BHOPA, 3 December 2004L — A series of torchlight rallies and vigils were held after darkness fell yesterday as victims and activists jointly commemorated a night of horror 20 years ago when lethal gas leaked from a pesticide plant and killed thousands.
A seminar, “No more Bhopal — Detoxification for a Toxic & MNC’s free India” by an NGO Bhopal Gas Peedit Mahila Udhyog Sangathan in collaboration with other NGOs, was also held on Thursday to highlight the issue.
In the Shajahani Park around 300 people — victims or relatives of those who died — gathered with burning flame torches at sunset.
Before setting off on a march, they were addressed by Abdul Jabbar, chairman of the Bhopal Gas Affected Women’s Industry Organization, who railed against the Indian government and against the US company which owned the killer plant.
After lighting torches, the victims — mostly women widowed by the gas leak — marched for about a kilometer toward the now derelict factory shouting slogans like “Death to Union Carbide!” and “Union Carbide, quit India!” before returning to the park to disperse.
Seventeen-year-old Tahir Khan said his mother had sent him to the protest as a tribute to his father, who died due to the after-effects of inhaling the toxic fumes.
At another park in the Newmarket area of Bhopal, around 100 people gathered for a silent commemoration before leading a small torchlight procession.
More than 3,500 people died during and immediately after the accident, in which about 40 tons of methyl isocyanate leaked out of the plant soon after midnight on Dec. 3, 1984.
According to government figures the total death toll from the tragedy in the past two decades is about 15,000, but local victims’ rights activists say the figure is double that.

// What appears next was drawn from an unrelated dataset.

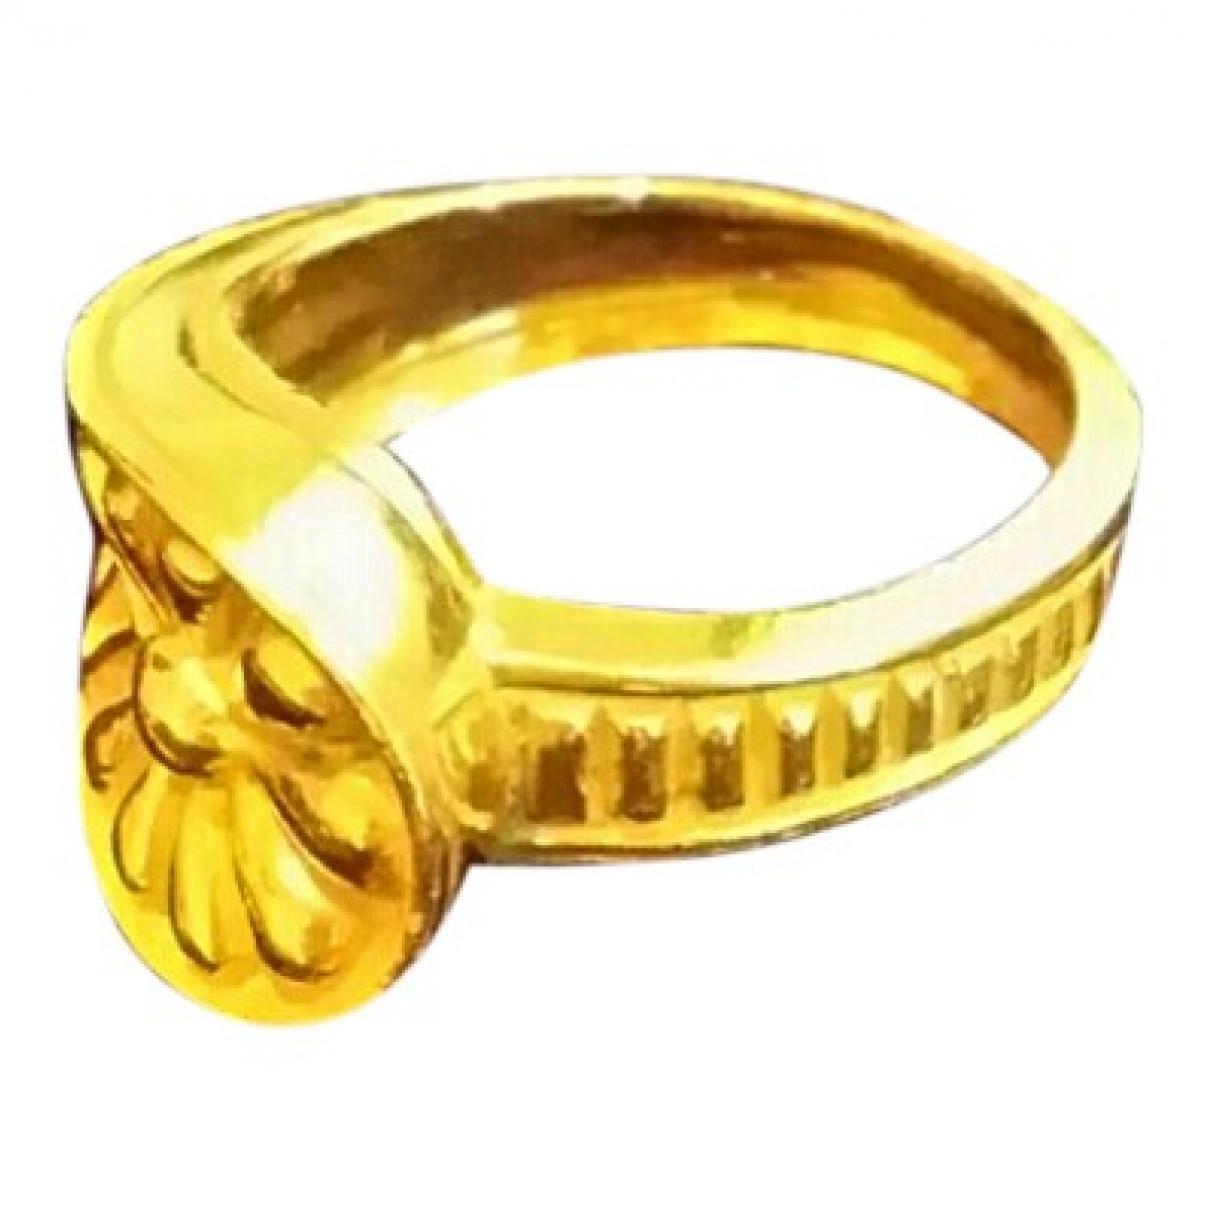 Zolotas \N Ring in  Gelb Gelbgold

Amnesty International in a report Monday said 22,000-25,000 people had died in the accident.
Earlier in the day, participants of a seminar demanded that Dow Chemicals, which took over Union Carbide in 2001, pay the medical expenses of the 800,000 injured in the gas leak.
They also urged Dow to clean up the site that activists say contains thousands of tons of toxic chemicals.
Also steps have been taken by the Indian government finally remove the waste from the site. “New Delhi has asked the Engineers India Limited (EIL) to survey the Union Carbide plant to determine how much toxic waste there is on the site and how it can be disposed off,” said Uma Shankar Gupta, a local minister in charge of relief for victims of the tragedy.
But global rights group Greenpeace said the steps were not enough.
Experts meanwhile said that more harmful toxic wastes could be destroyed at the modern incinerators at Gujarat and Maharashtra and harmful wastes and soil should be buried deep at suitable sites. A case regarding this is pending with the Bhopal High Court.